[GIVEN DATA]

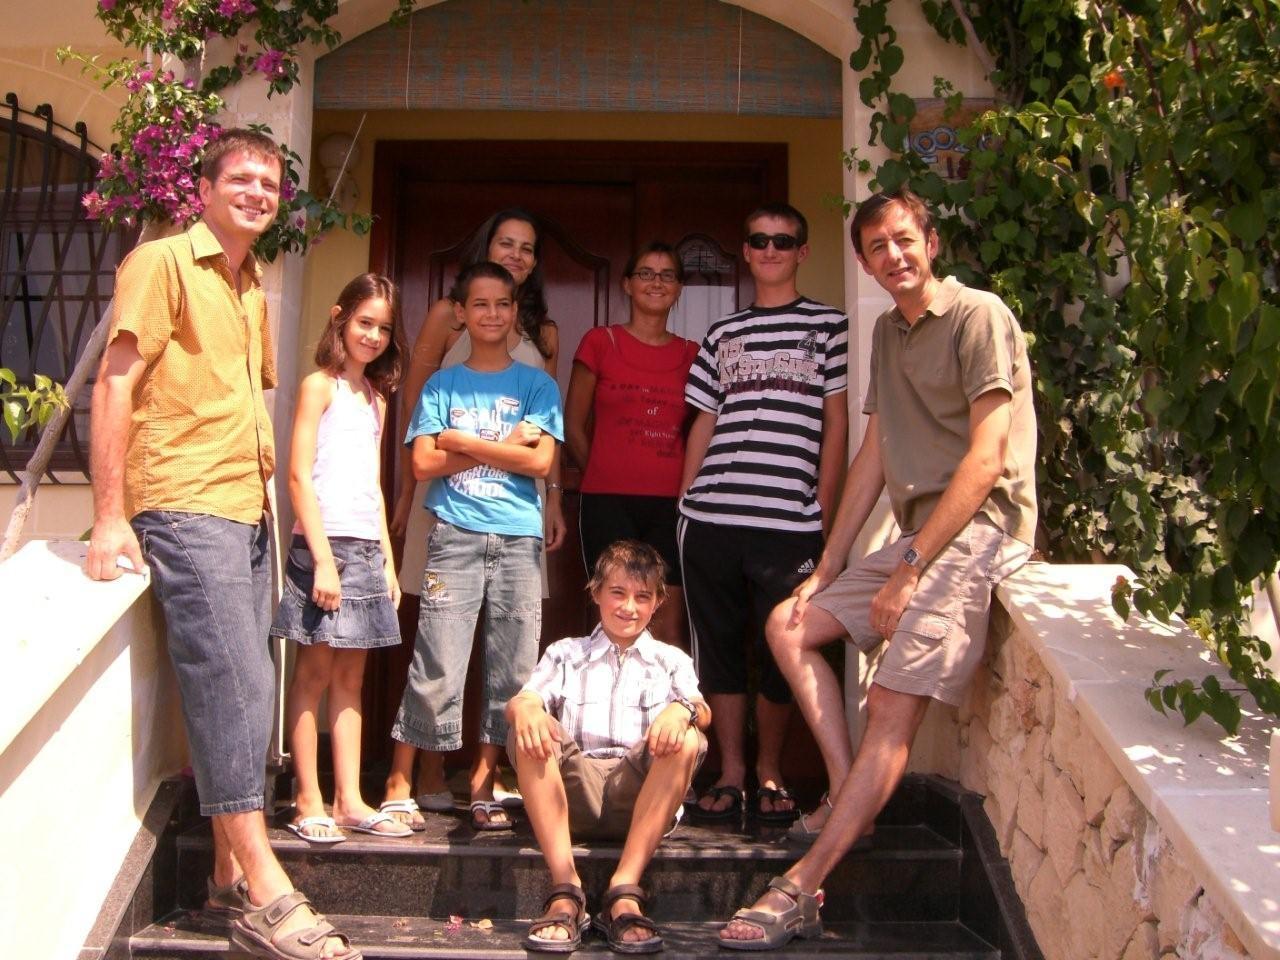 Meekers-Kipp-families1
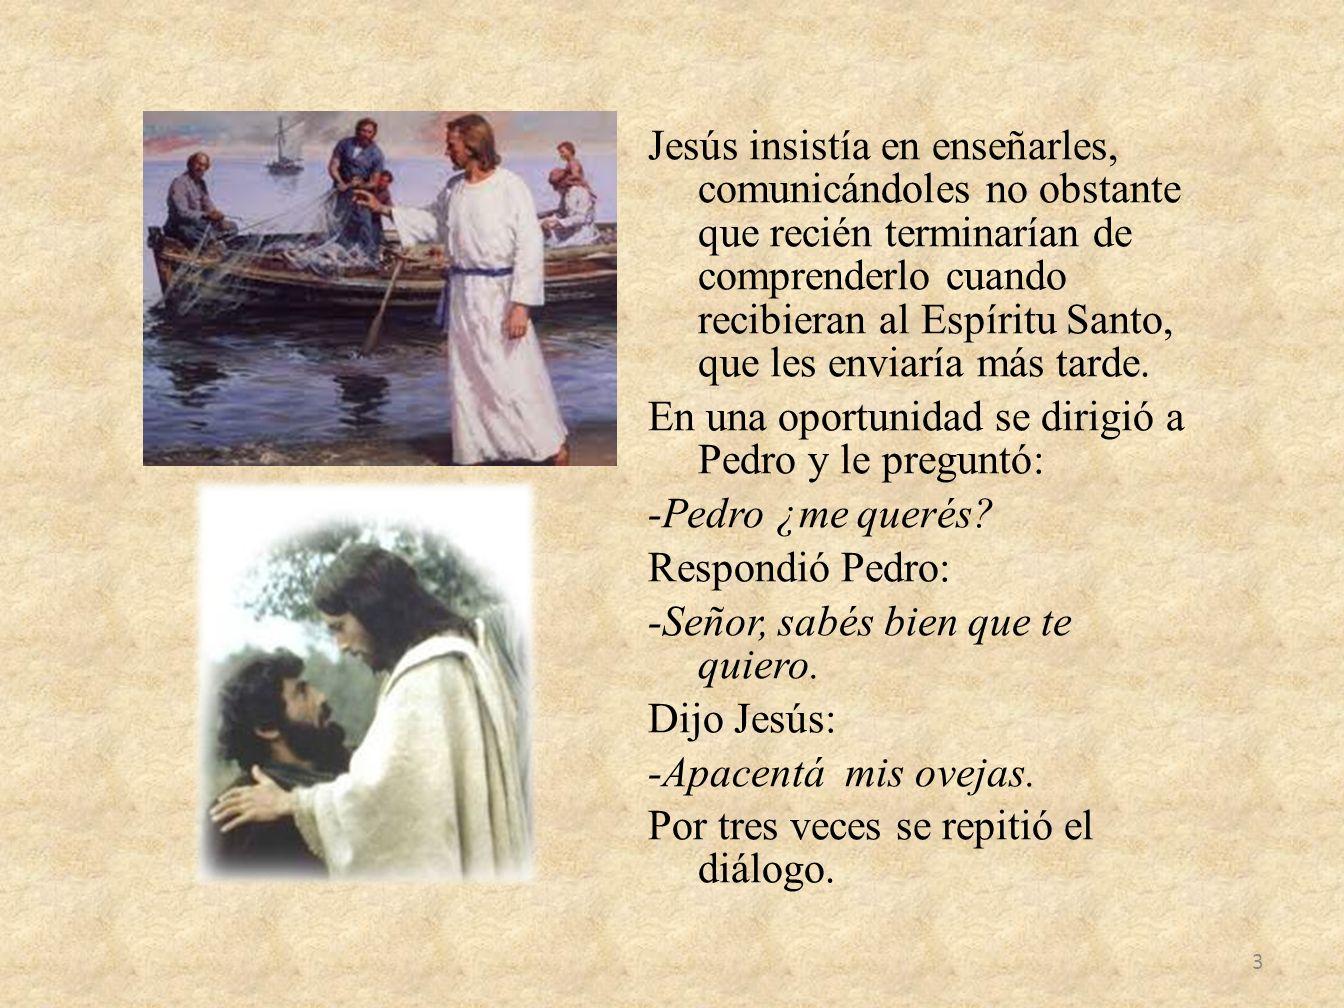 Jesús insistía en enseñarles, comunicándoles no obstante que recién terminarían de comprenderlo cuando recibieran al Espíritu Santo, que les enviaría
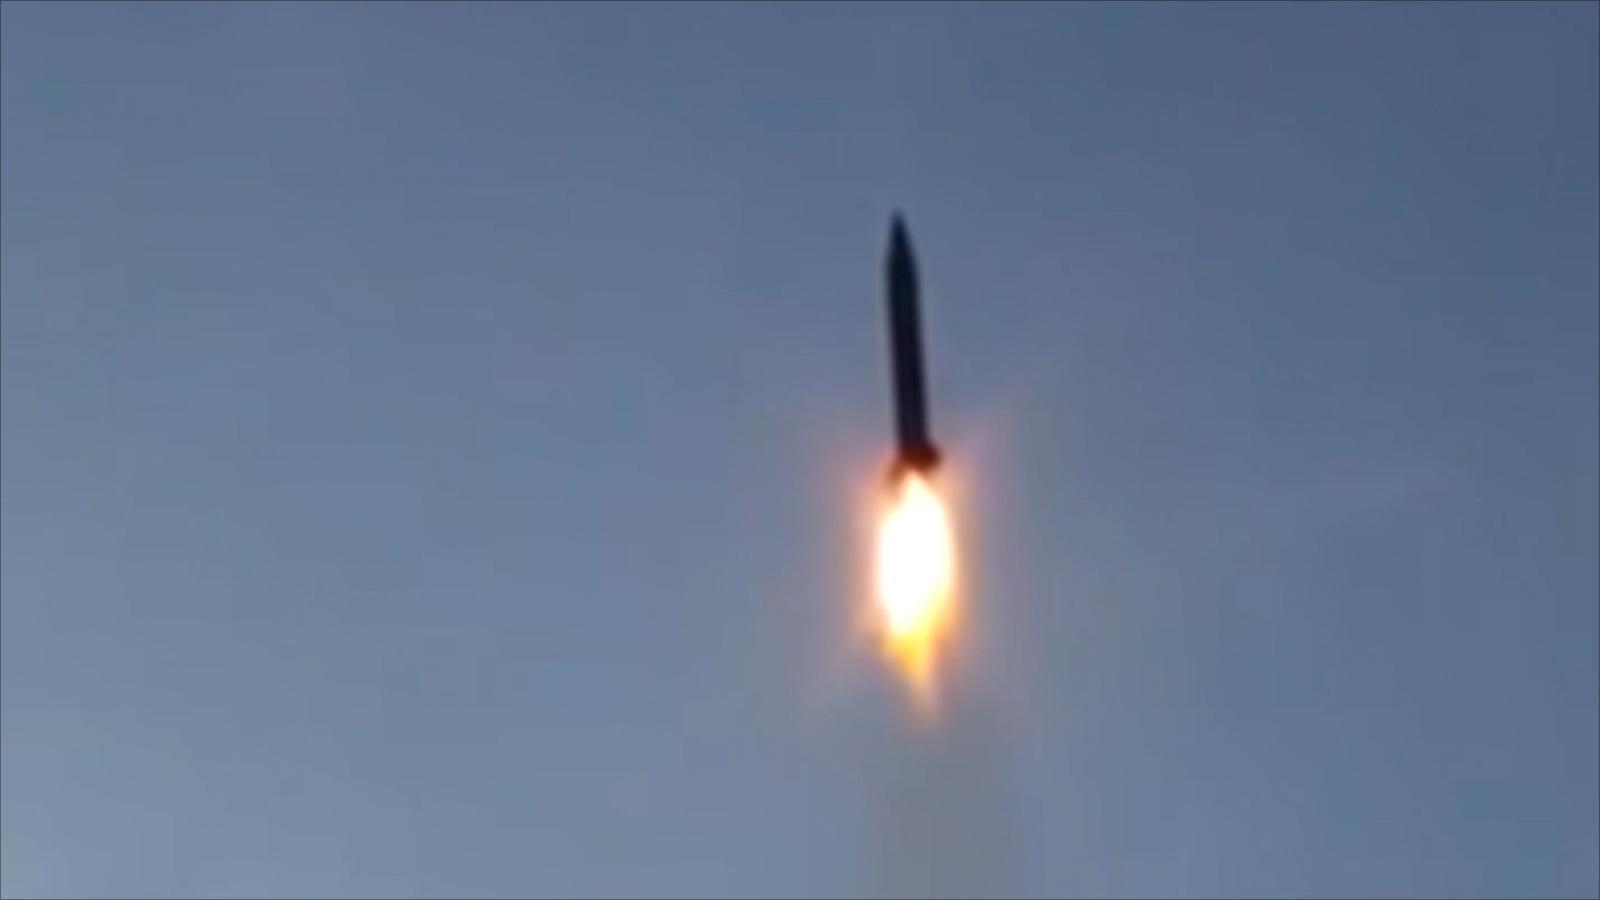 السعودية: اعتراض صواريخ قادمة من اليمن في الرياض
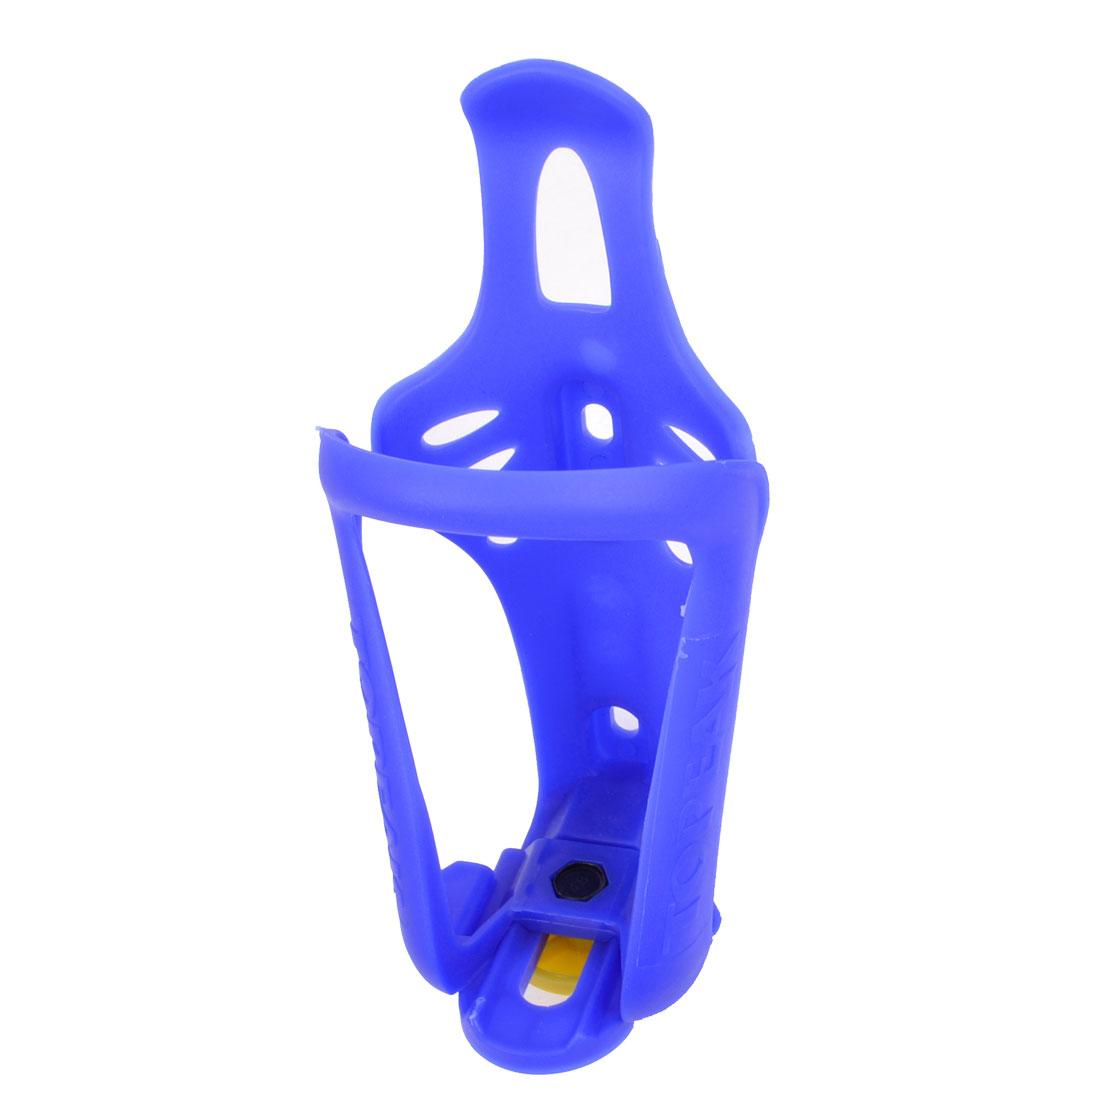 Bike Bicycle Motorcycle Blue Plastic Adjustable Water Drink Bottle Rack Holder
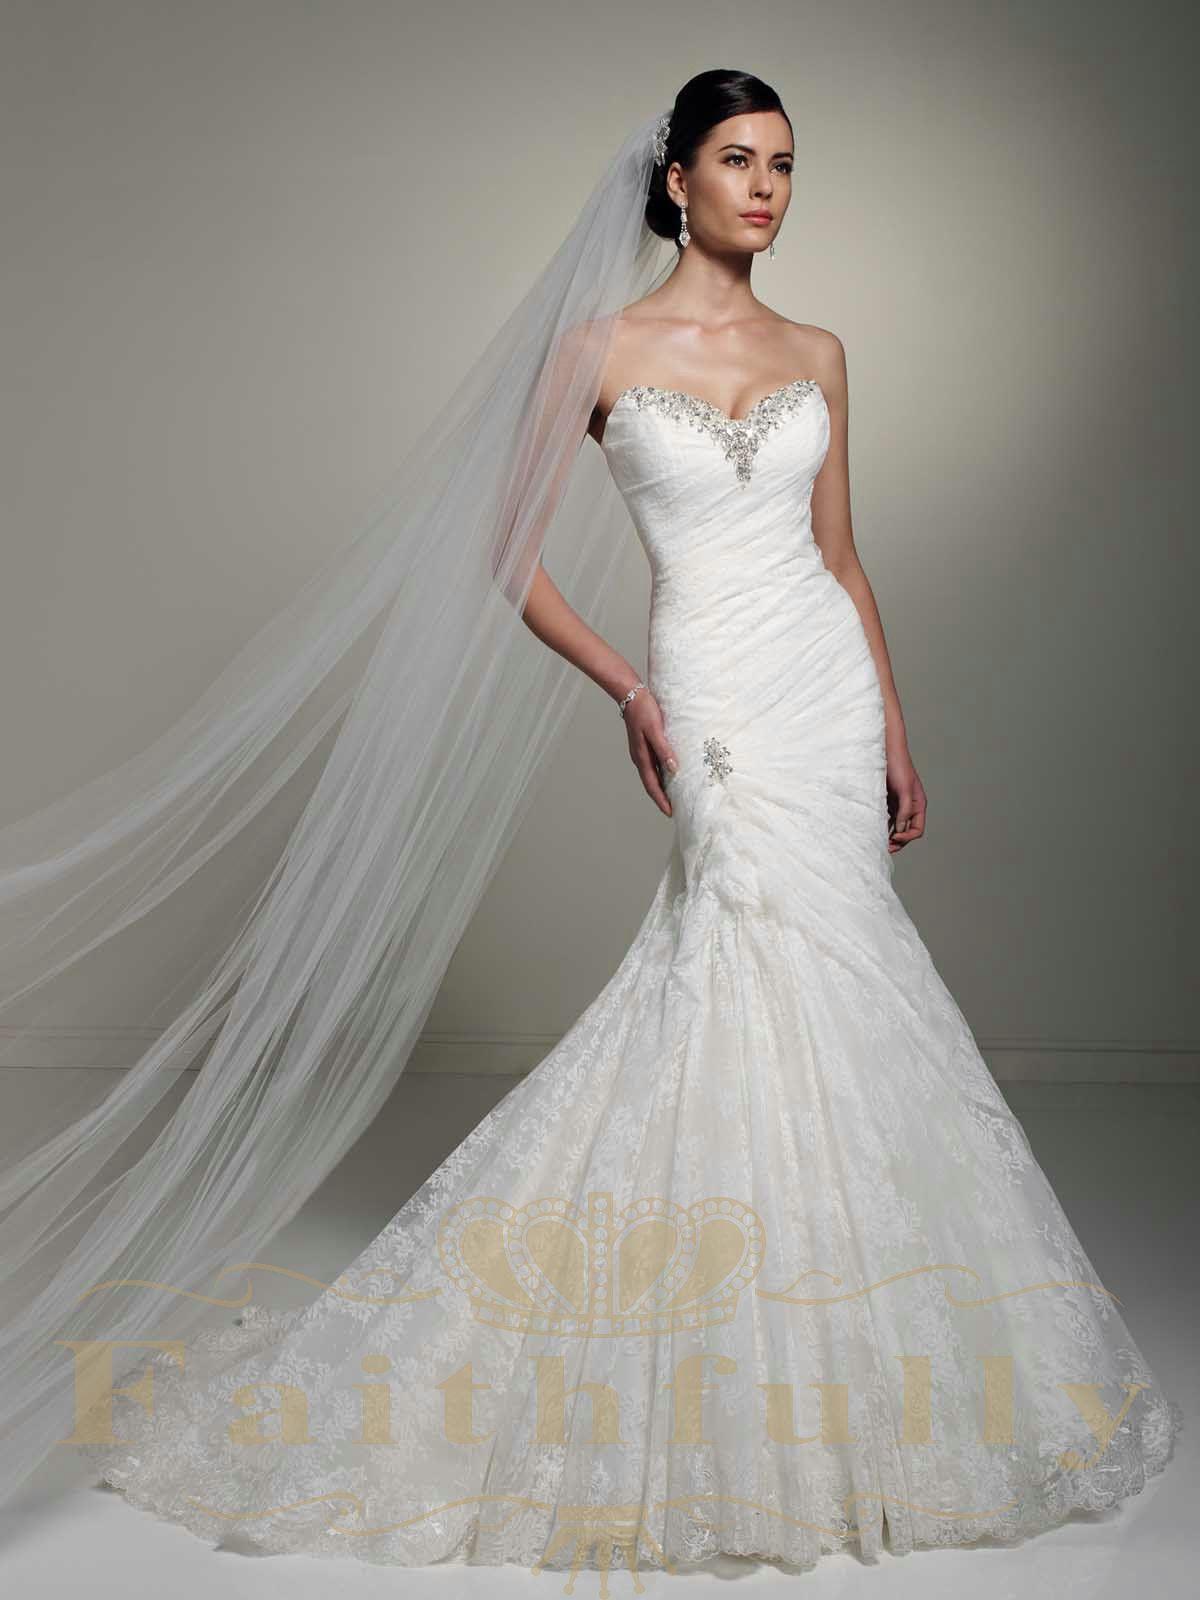 Bodice Wedding Dress Sweetheart Corset Back Beaded Sequins

[/GIVEN DATA]

## TASK REQUIREMENTS
Give back every entry word for word, and drop the pictures as you go.

## EXPECTED ANSWER
 Meekers-Kipp-families1
 Jesús insistía en enseñarles, comunicándoles no obstante que recién terminarían de comprenderlo cuando recibieran al Espíritu Santo, que les enviaría
 السعودية: اعتراض صواريخ قادمة من اليمن في الرياض
 Bike Bicycle Motorcycle Blue Plastic Adjustable Water Drink Bottle Rack Holder
 Bodice Wedding Dress Sweetheart Corset Back Beaded Sequins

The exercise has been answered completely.